Para Argán, el Barroco fue una revolución cultural en nombre de la ideología católica.
Efectivamente fue la iglesia de Roma quien determinó el nacimiento del nuevo arte,
que dejó de ser objeto de contemplación desinteresada para convertirse en un medio de
propaganda al servicio de la causa católica. El compromiso exigido al arte queda
claramente expresado en el acta de la sesión XXV del concilio de Trento, en la que se
recoge el deseo de la iglesia de que el artista, con las imágenes y pinturas, no sólo
instruya y confirme al pueblo recordándole los artículos de la fe, sino que además le
mueva a la gratitud ante el milagro y beneficios recibidos, ofreciéndole el ejemplo a
seguir y, sobre todo, excitándole a adorar y aún a amar a Dios. Para cumplir esta
misión el arte debía poseer fuerza de atracción sobre los sentidos y poder de
penetración en el espíritu, es decir, debía ser seductor y didáctico para así mostrar el
camino de la salvación. Pero ese camino tenía que ser seguido por todos, no sólo por
los elegidos o los más preparados, por lo que el arte generó a lo largo del siglo
fórmulas expresivas que, adecuándose a las necesidades de cada momento, llegaran a
todos los niveles de la sociedad. Valores como la claridad y la conmoción primero y
el asombro y el deslumbramiento después fueron utilizados en el transcurrir de la
centuria para dar respuesta a las exigencias de la Iglesia Católica. Además, este
carácter propagandístico del arte fue también empleado por el absolutismo
monárquico para consolidar el poder centralista y unificador del Estado y para
reafirmar la indiscutibilidad del soberano, ya que su autoridad dimanaba de Dios.

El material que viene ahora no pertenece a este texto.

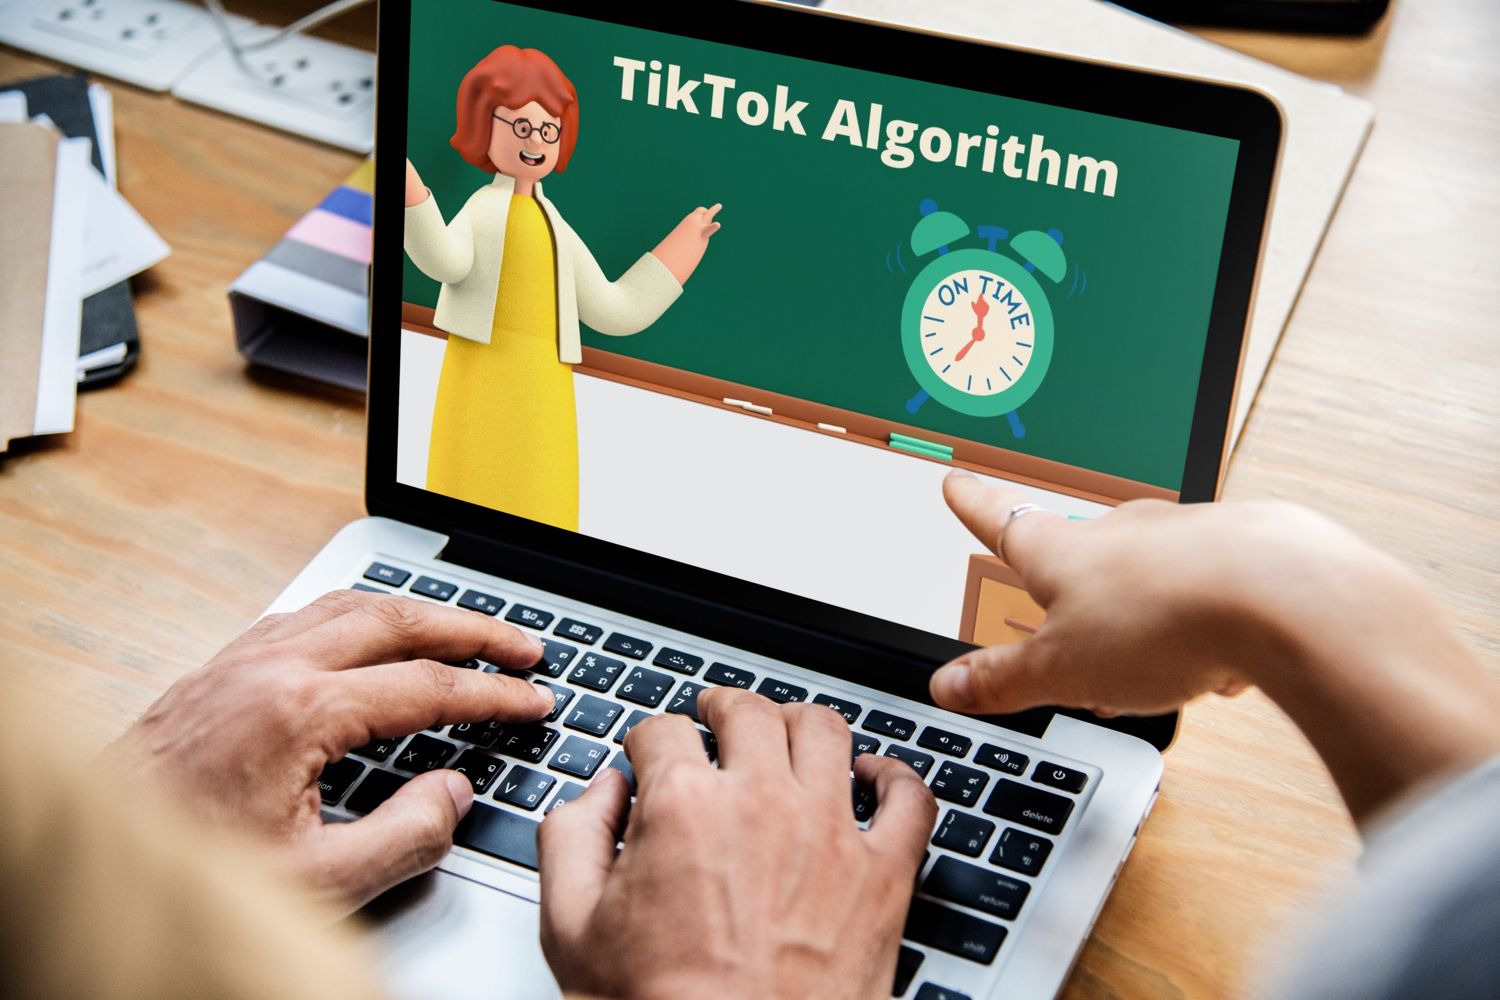 Tiktok algorithm on a laptop

Se considera que durante la primera mitad del S. XVII culminó en España el Siglo
de Oro. Este concepto, aplicado en primer lugar al ámbito concreto de la literatura
en lengua castellana, se ha ampliado posteriormente al conjunto de la vida cultural.
El innegable esplendor literario y artístico ha sido aducido como argumento de que
ni la tolerancia ni en concreto la acción inquisitorial coartaron el libre desarrollo de
una cultura creativa. Pero la libertad de creación literaria no se trasladaba al
campo ideológico ni sobre todo al científico.

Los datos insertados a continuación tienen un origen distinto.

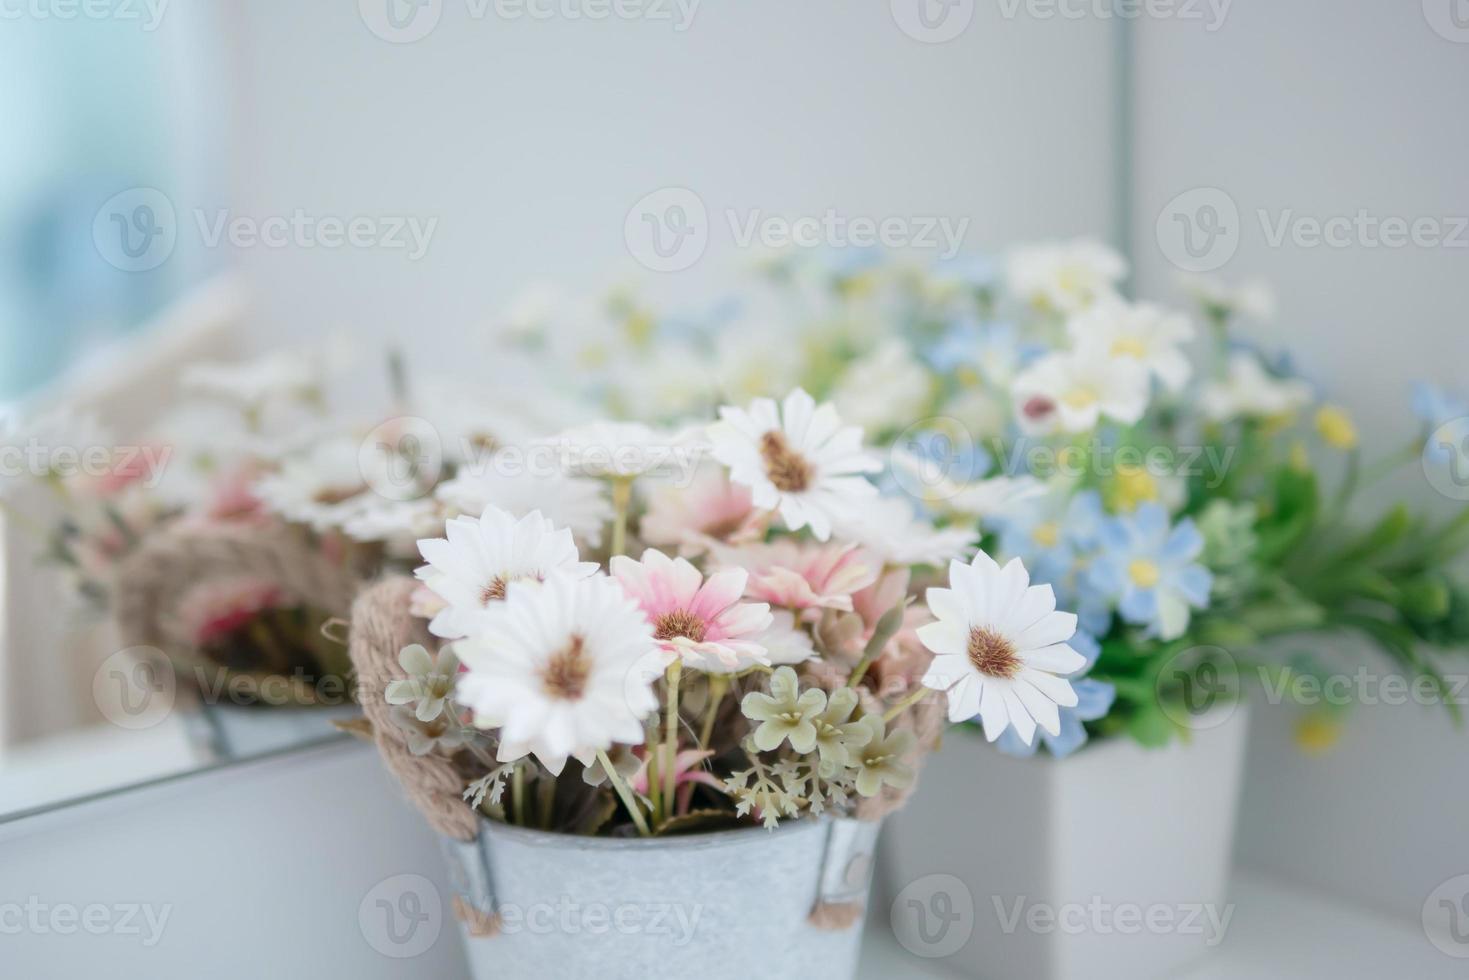 bloemen vervagen met stuifmeelreflectie in de spiegel foto

La cultura del Barroco en España alcanzó una difusión extraordinaria, a través del
arte religioso, de la literatura, del teatro. El barroco suponía toda una sensibilidad
estética contraria al equilibrio y serenidad del Renacimiento, una visión del mundo
fundamentada en una profunda desconfianza hacia la naturaleza humana y hacia la
fragilidad de sus realizaciones. La realidad española del siglo era la mejor
confirmación de tales ideas.
El principal centro de las artes fue sin duda la Villa y Corte, pero otras ciudades
conservaban cierto peso. Valladolid conservó su capitalidad artística, por lo menos
hasta 1620, gracias a sus talleres de escultura religiosa policromada. La escuela
“sevillana” tuvo una personalidad indudable al margen de la protección de Olivares.
El propio Zurbarán realizó su obra más significativa en Sevilla y Murillo fue un pintor
básicamente andaluz.
La novela tenía una proyección social más amplia. En el caso de Cervantes, las
Novelas ejemplares abrieron nuevos cauces a la expresión literaria, mientras que el
Quijote resiste todos los esfuerzos de clasificación. Por otra parte, se produjo el
completo desarrollo de la novela picaresca a partir del Guzmán de Alfarache (1599).
Aunque en nuestros días se discute a dicha corriente la pretensión de realismo, no
puede negarse el plano histórico concreto en el que se desarrollaron las aventuras. A
partir de 1640 la vida de los pícaros fue cediendo el paso a las sátiras de costumbres y
más aún a las descripciones costumbristas de la vida urbana (el Diablo Cojuelo, por ej.).
Mucho mayor fue la incidencia del teatro. La comedia española del S. XVII es tema
que ha atraído multitud de investigaciones en relación con su entorno social. Hoy día
se subraya las raíces de los temas teatrales, y en general la relación de las diversas
manifestaciones de la literatura culta popular de cuentecillos y refranes, de
canciones populares, etc. La comedia de devoción, la representación con raíces
religiosas, tuvo también su parte en la génesis de la comedia. Los argumentos y sobre
todo la vida de los artistas terminaron concitando contra ellos las iras del rigorismo
moral de la Iglesia, incluso hasta en la misma corte.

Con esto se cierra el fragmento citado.